_HOW TO COMPLETE THIS TASK_:
Output exactly, and only, the lines below from the one with "737-800 B-1559 中国南通兴东机场" down to the one with "Offene Küche inkl.". Include both end lines and no pictures.

_DATA FOR REVIEW_:
****************************************
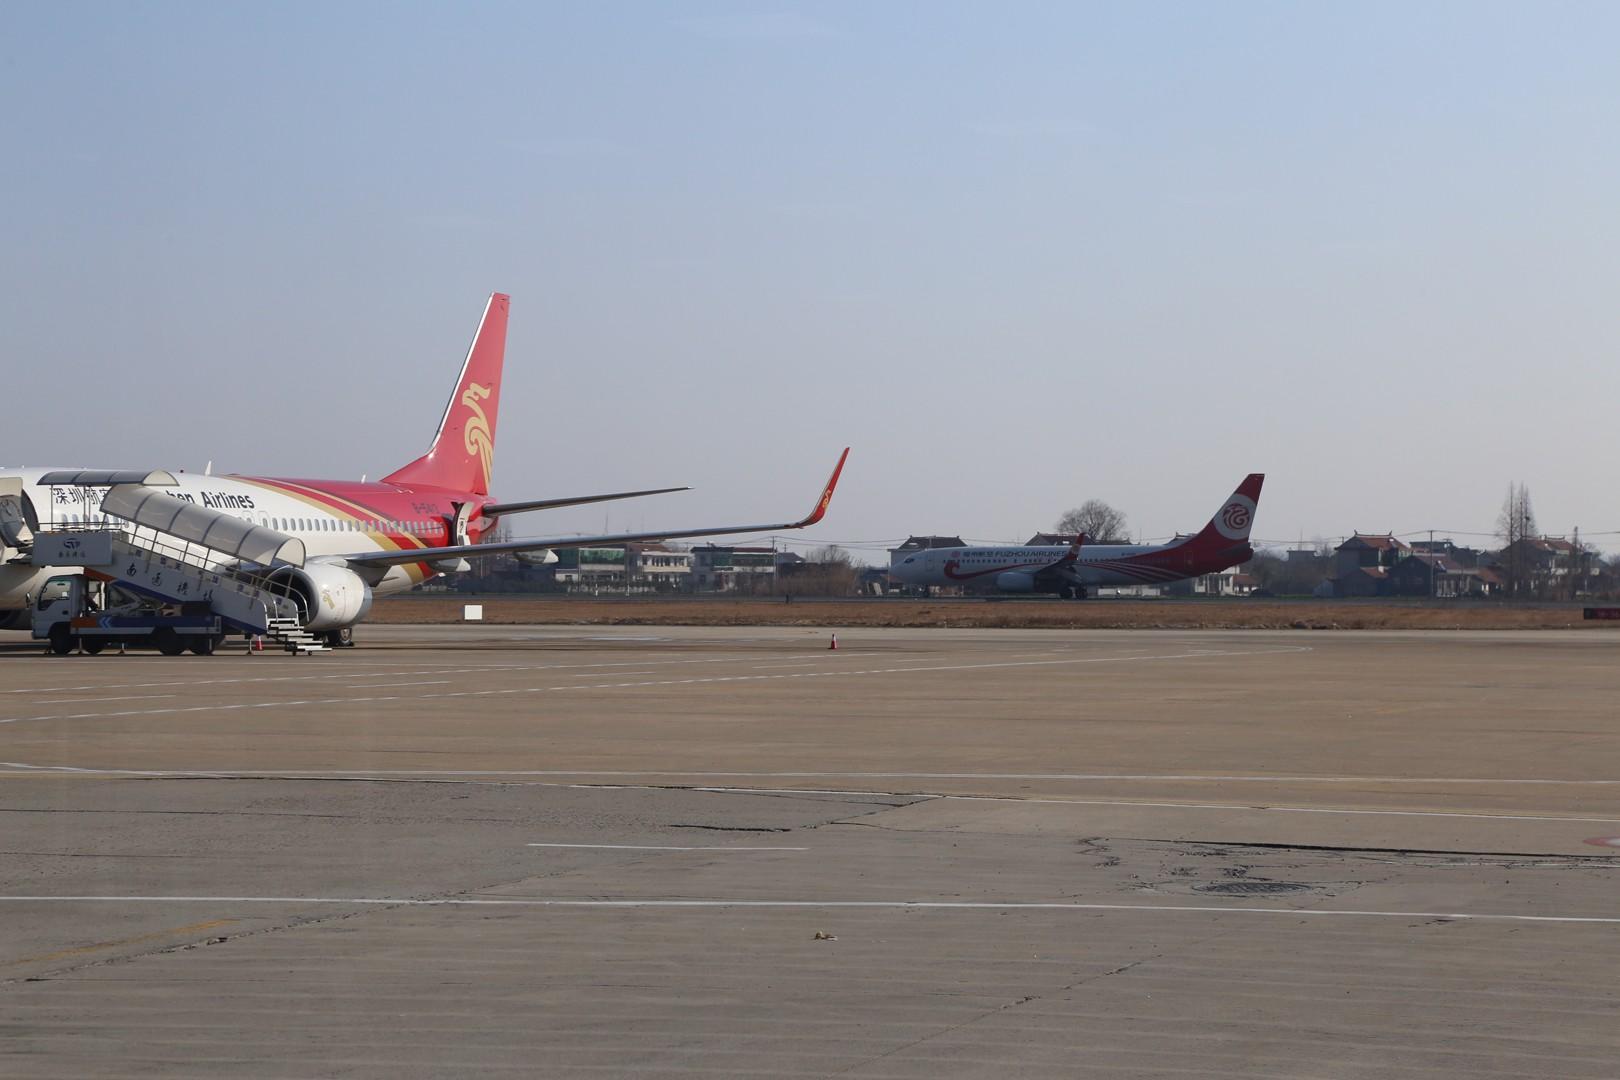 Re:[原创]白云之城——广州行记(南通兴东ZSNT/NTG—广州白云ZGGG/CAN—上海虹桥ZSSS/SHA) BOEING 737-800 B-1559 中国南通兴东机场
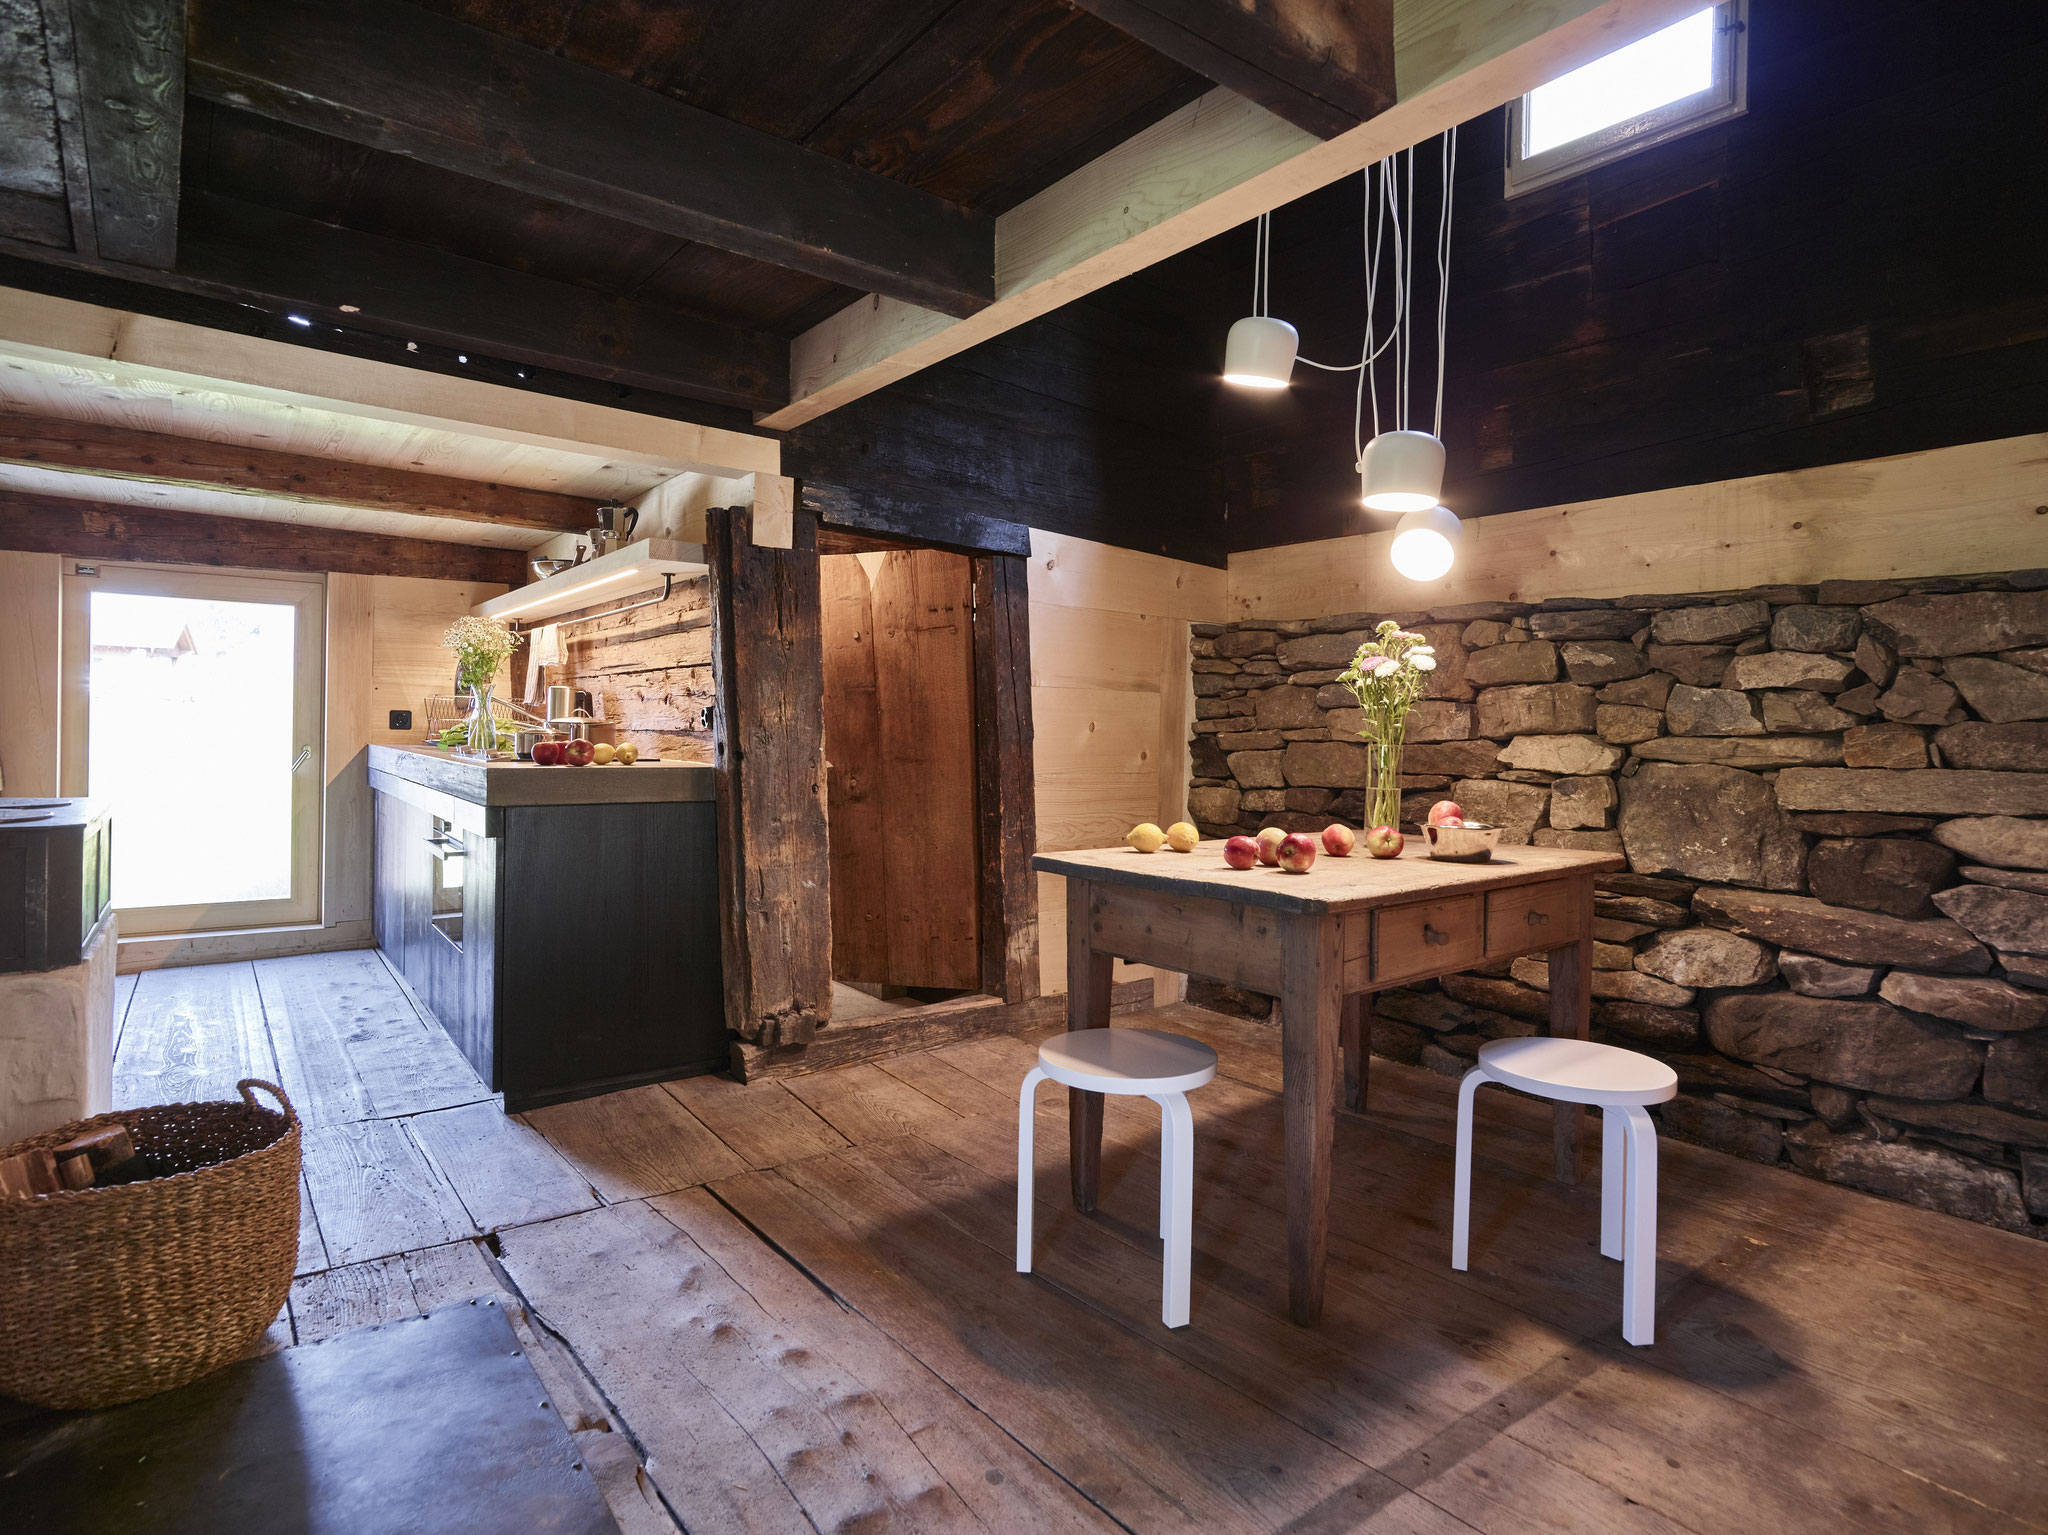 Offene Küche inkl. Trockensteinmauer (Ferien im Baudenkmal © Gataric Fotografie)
****************************************
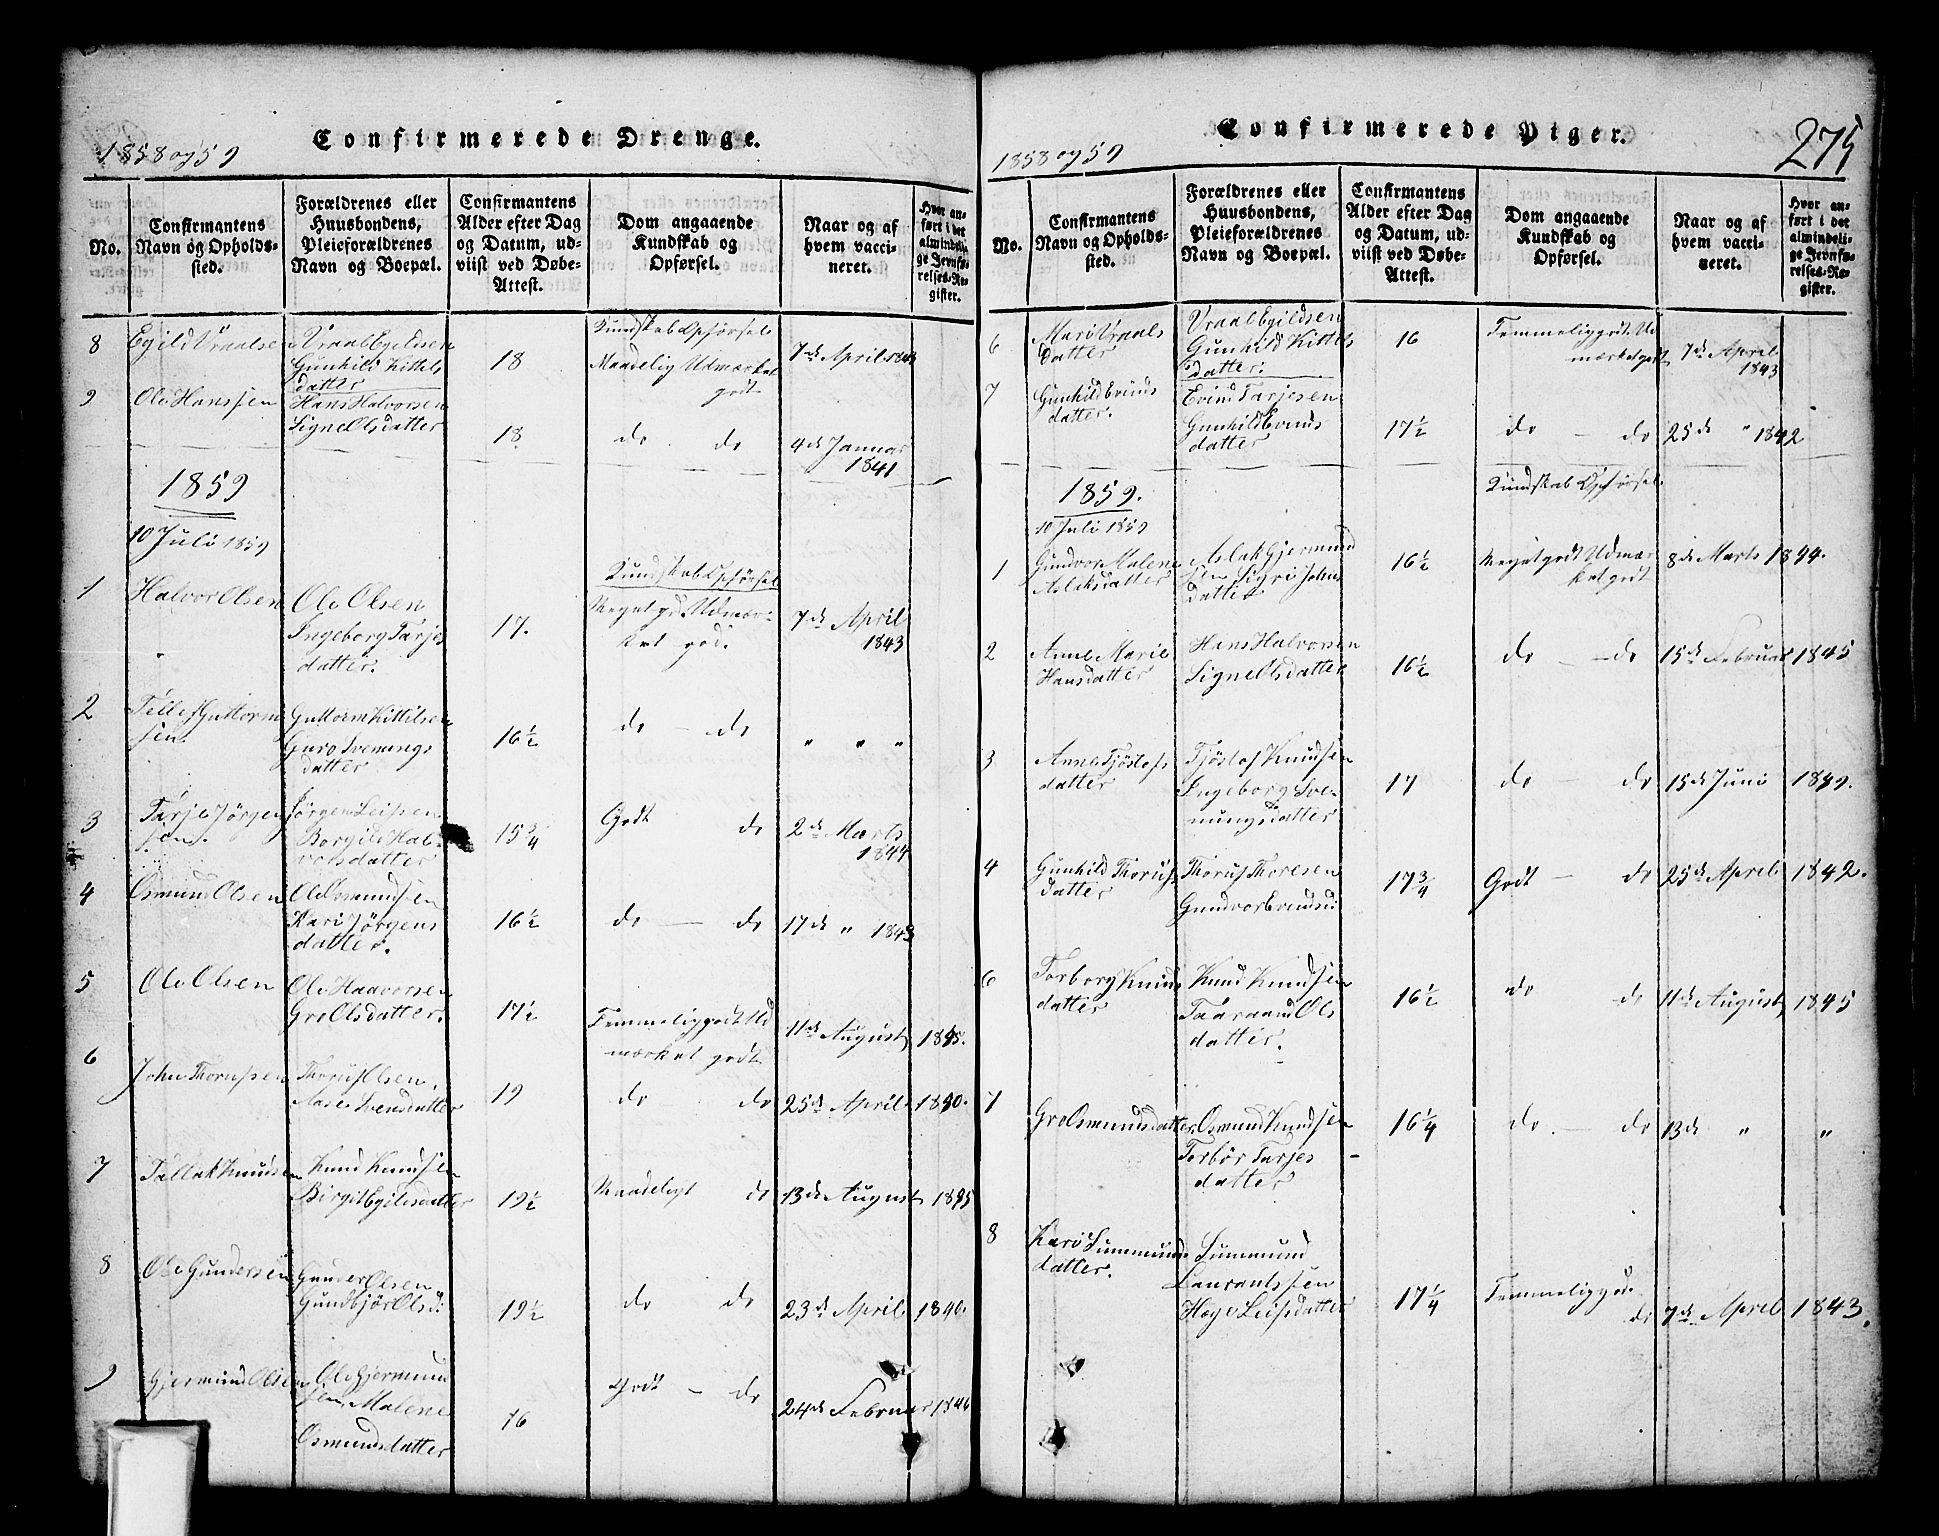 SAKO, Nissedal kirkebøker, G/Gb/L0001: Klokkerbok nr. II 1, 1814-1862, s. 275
****************************************
_REPLY_:
 Re:[原创]白云之城——广州行记(南通兴东ZSNT/NTG—广州白云ZGGG/CAN—上海虹桥ZSSS/SHA) BOEING 737-800 B-1559 中国南通兴东机场
 Offene Küche inkl. Trockensteinmauer (Ferien im Baudenkmal © Gataric Fotografie)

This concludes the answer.